What is currently ignored by the code if ‘Match accents and tones’ is not checked? Obviously apps currently created with the App Builders don’t ignore all of these characters marked Mn. If they did, then we wouldn’t be having this discussion, because all of the Arabic vowels are marked Mn, and could be easily ignored with the options currently available.

So I would propose that if the ‘Match accents and tones’ box is not selected, then app searches should ignore anything marked Mn in the database. This should be easy to do programmatically. (Programmer notes: In Python, I use if unicodedata.category(letter) == 'Mn'. And you would need to remove Mn characters from both the search word and text searched, before you do the comparison. I imagine ignoring all Mn characters would actually make the code simpler than it currently is, since currently it ignores just some select subset.)

I don’t think it’s a problem for Arabic users to have to figure out that ignoring accents and tones includes vowels. But if you are insistent that the checkbox should say something about vowels, then we could add a field "Custom text for ‘Match accents and tones’ " - and you could put your vowel text there.

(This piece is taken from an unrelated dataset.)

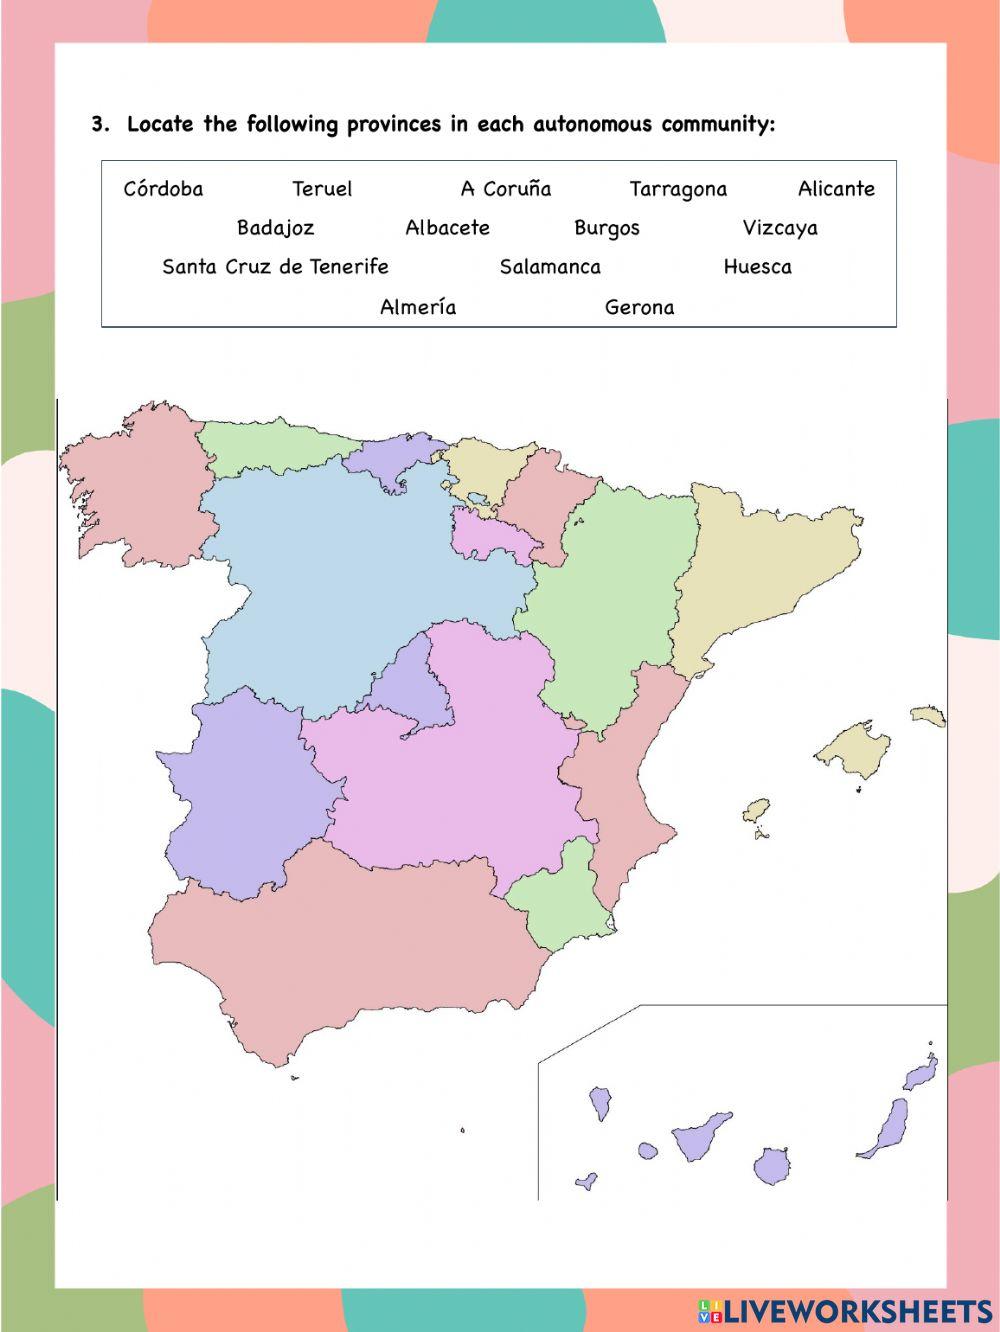 Spain (Separation of Powers and Political Organisation)

But its function really is replacing accents and tones, and I think Arabic users should be able to figure that out.

If we follow this proposal to ignore all the Mn characters, I think the field at the bottom needs to change. Right now it says, “Specify the replacements and diacritics to remove if not matching accents and tones.” For one thing, I think it should appear above the input buttons fields, right under the ‘Match accents and tones’ checkboxes. And I have trouble understanding the double negative. I think it should try to explain the combining marks first, then invite additional removals or replacements, something like this:

Ignoring accents and tones will automatically ignore nonspacing combining marks (as defined in the Unicode standard), things like combining diacritics and Arabic script combining vowels. Specify here (separated by spaces) any additional characters to ignore, or replacements to make in the search text. E.g. ‘é>e è>e’ would allow those two composed characters to be found with a simple ‘e’ in the search string. The string ‘_ -’ or ‘\u005F \u002D’ would ignore underscores and hyphens in the search. (Note that you can use \uXXXX to define a character by its Unicode hex code.)

I think making these changes will probably serve the needs of 99% of users. The cases that aren’t served are when a user doesn’t want to ignore certain characters marked Mn, but does want to ignore others. Because with the above, if you choose to ignore, all of the Mn characters will be ignored. I personally can’t think of a case when this would be needed. But I think 99% of those 1% of cases could be served by adding another simple field (below the field with the long explanation) that has this label:

Enter here characters to ignore or replacements to always use in the search, even when ‘Match accents and tones’ is selected.

I would think in this case you wouldn’t even want to show the ’Match accents and tones’ option on the Search page.

So that’s my proposal. I don’t think it would be very much work for the developers to implement (especially if we didn’t add the second field, but just kept the original field, changed its label and moved it up on the configuration page). And I think it makes more sense than making even more specific search criteria basically just for Arabic.

Previously we talked about always ignoring U+0640 ARABIC TATWEEL. I think that should still be done. But other characters would be ignored based on their character type, and whether the box is checked or not.

jeff_heath · June 25, 2019, 12:07pm

Just FYI - there are 96 Arabic characters that are marked Mn in the Unicode standard. The best way to find them is to look for the dotted circle “base” under combining characters on the 3 Arabic Unicode code pages (links below). But you can also search for “;Mn;” in the Unicode Character Database.